• Work required
Please repeat, exactly as they stand, the line containing "Pattes de lionne, qui" and the lines after it through the final line of the listing below, minus pictures.

• Dataset section
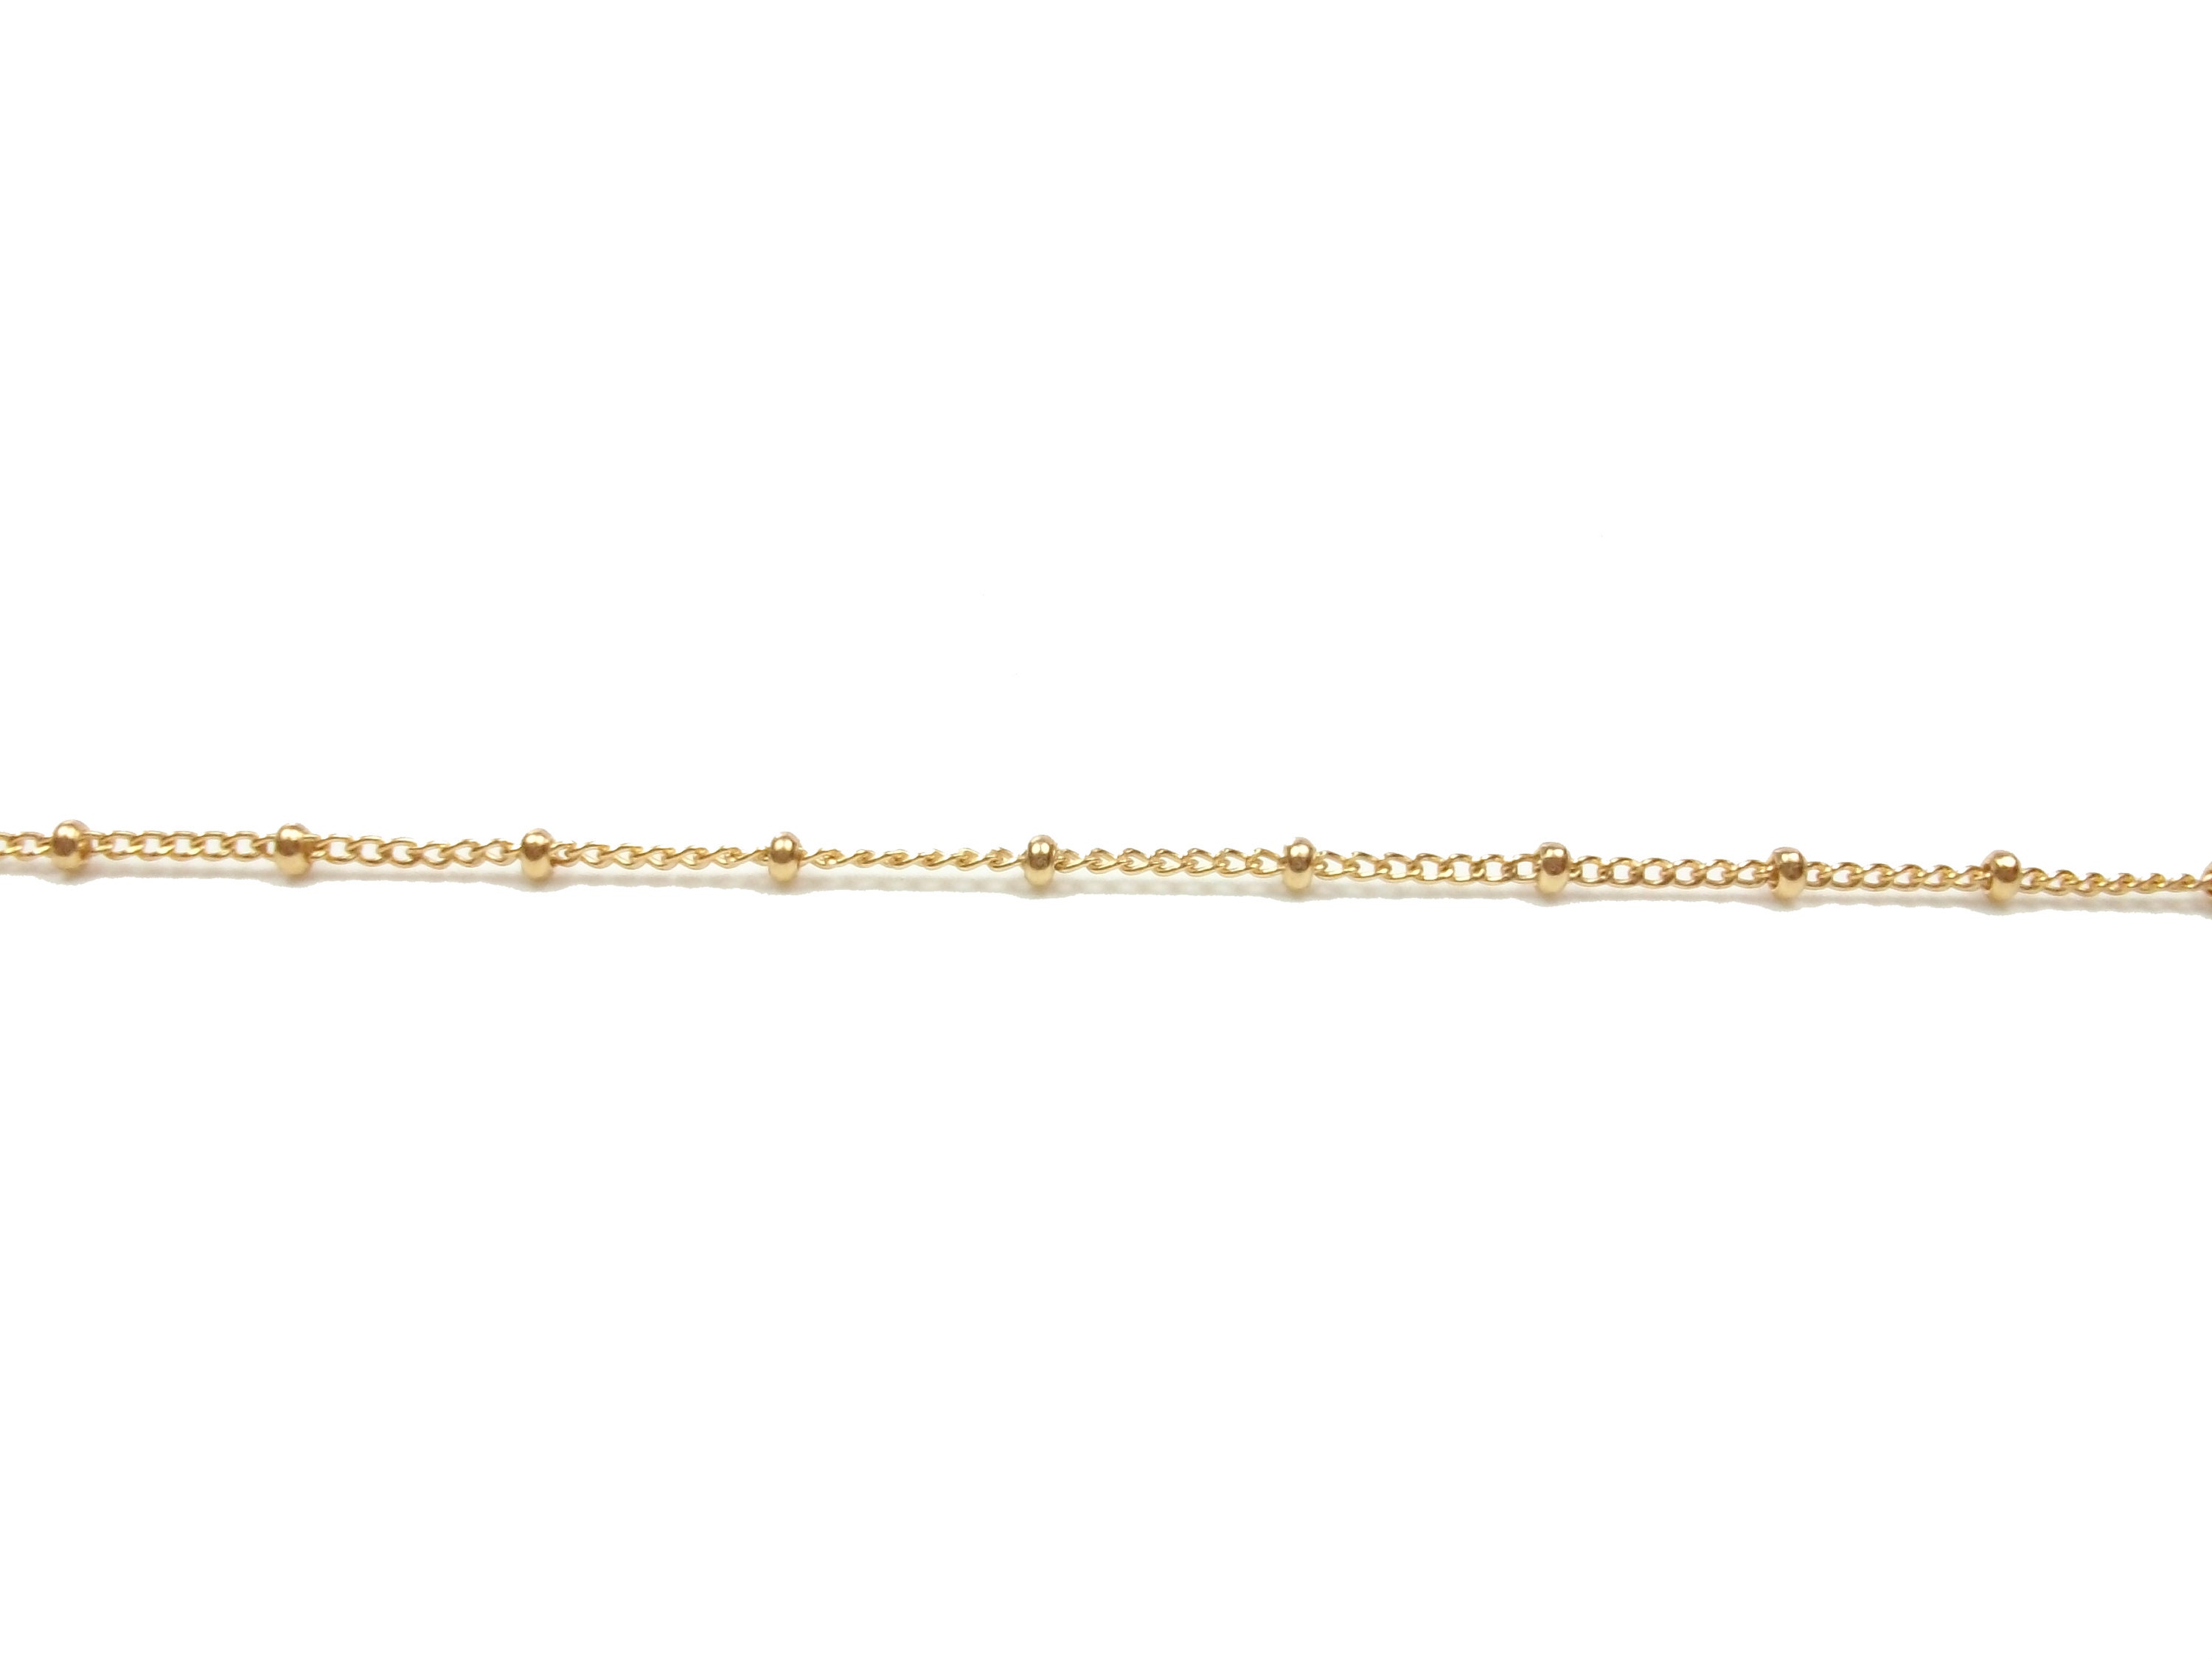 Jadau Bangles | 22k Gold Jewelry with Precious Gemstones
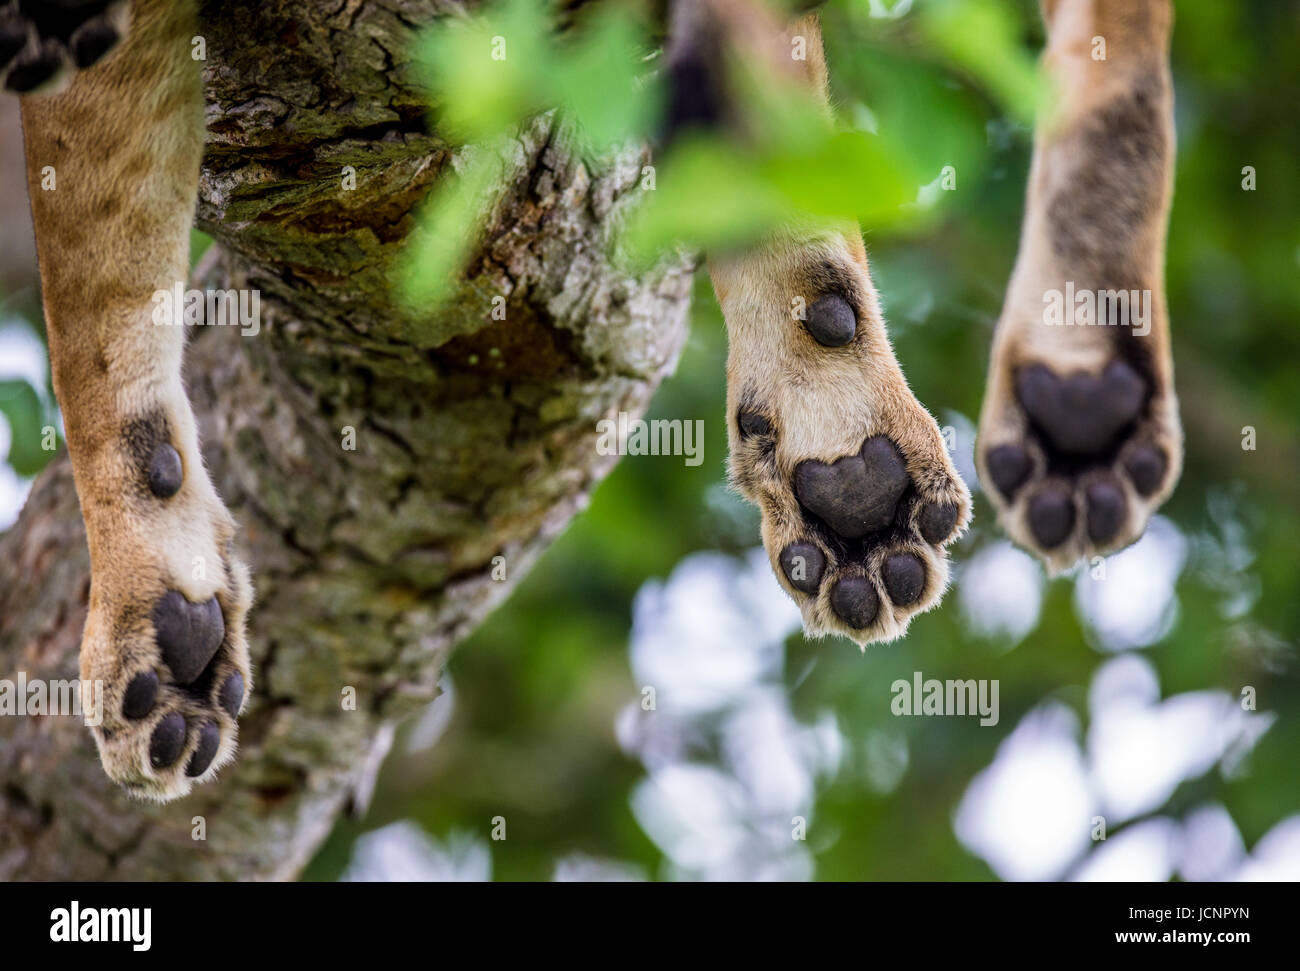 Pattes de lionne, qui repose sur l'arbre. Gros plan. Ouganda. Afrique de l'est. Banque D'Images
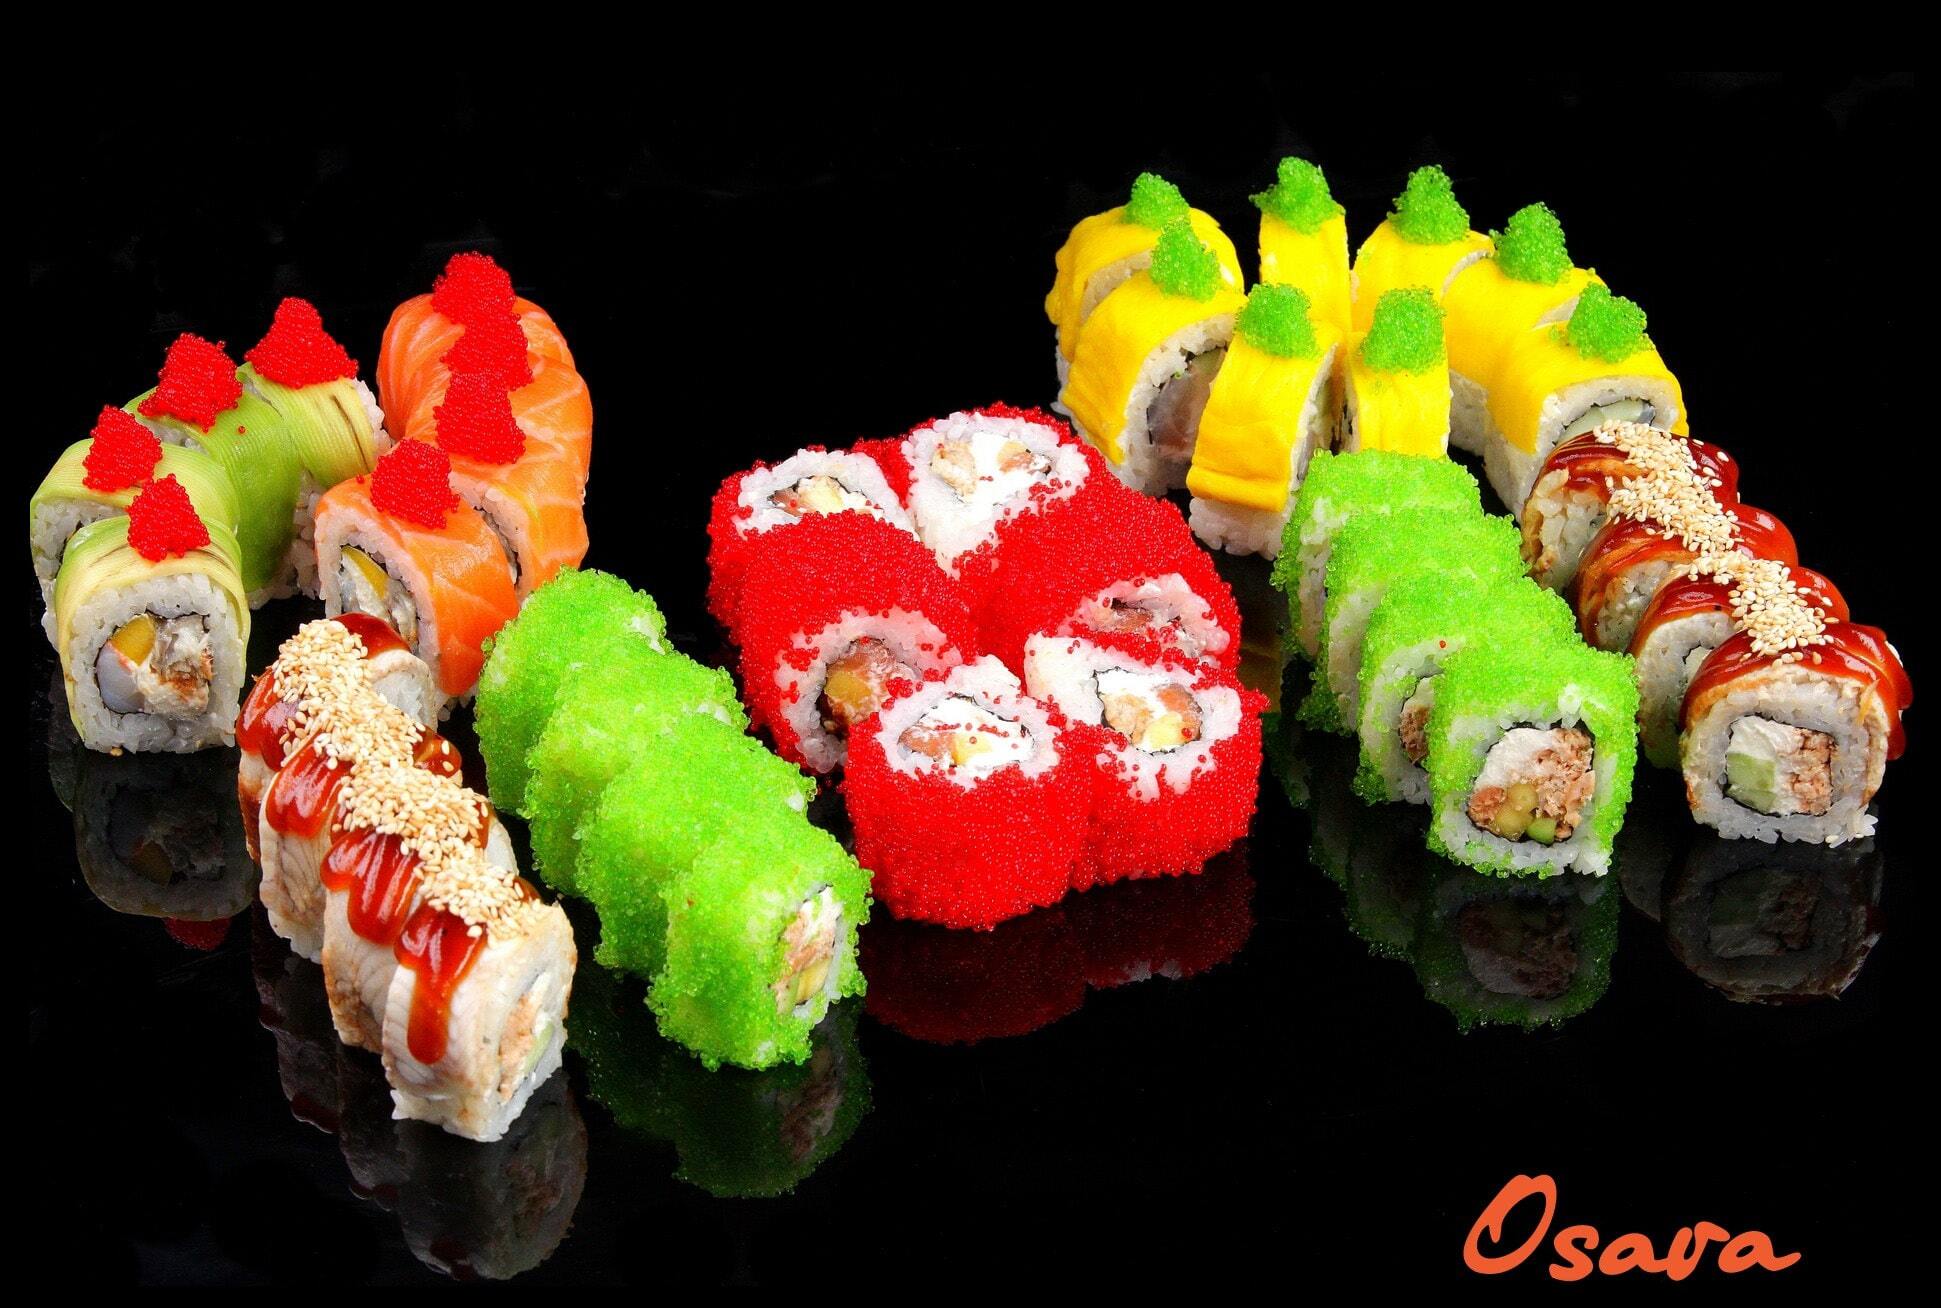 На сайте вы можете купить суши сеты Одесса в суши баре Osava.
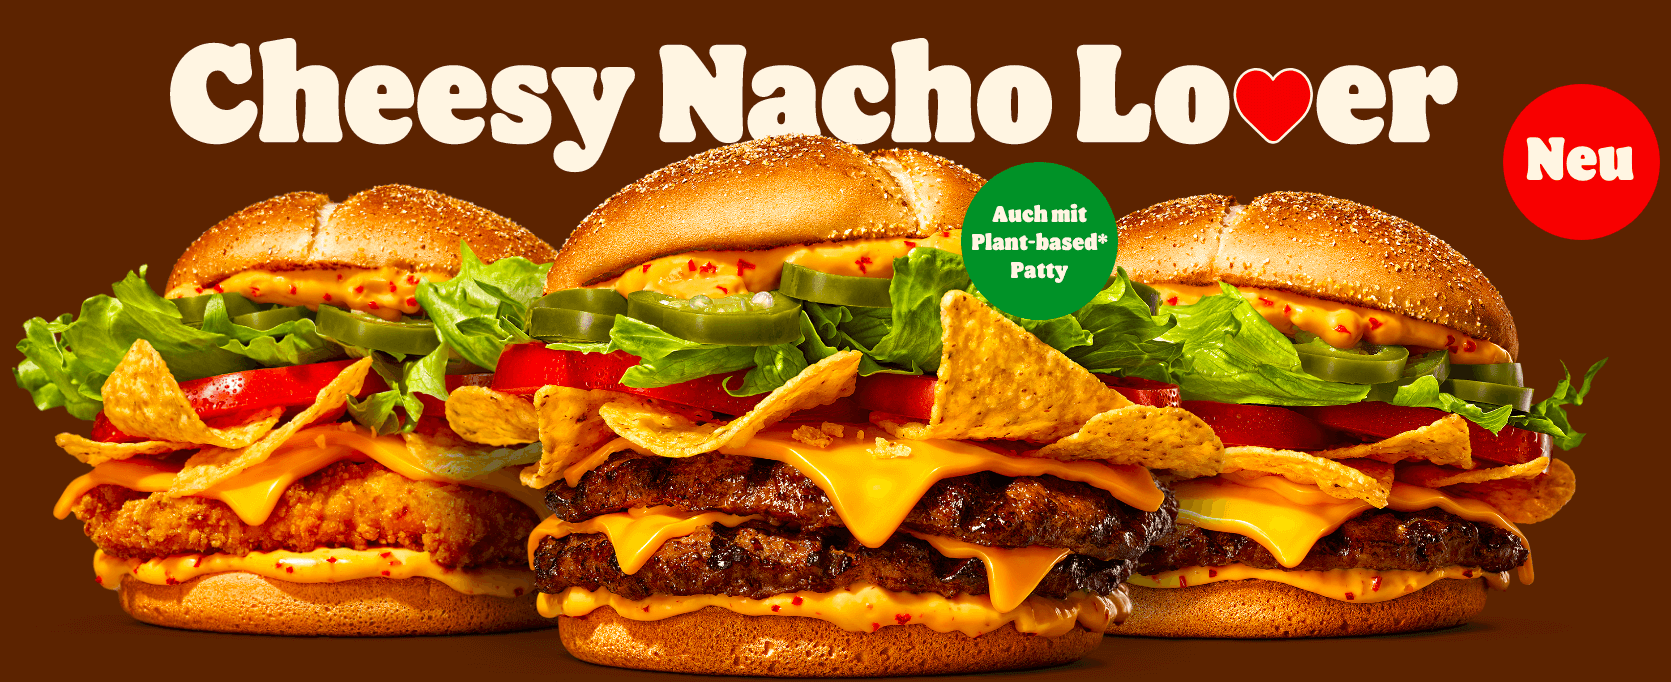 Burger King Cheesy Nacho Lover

• Written response
 Pattes de lionne, qui repose sur l'arbre. Gros plan. Ouganda. Afrique de l'est. Banque D'Images
 На сайте вы можете купить суши сеты Одесса в суши баре Osava.
 Burger King Cheesy Nacho Lover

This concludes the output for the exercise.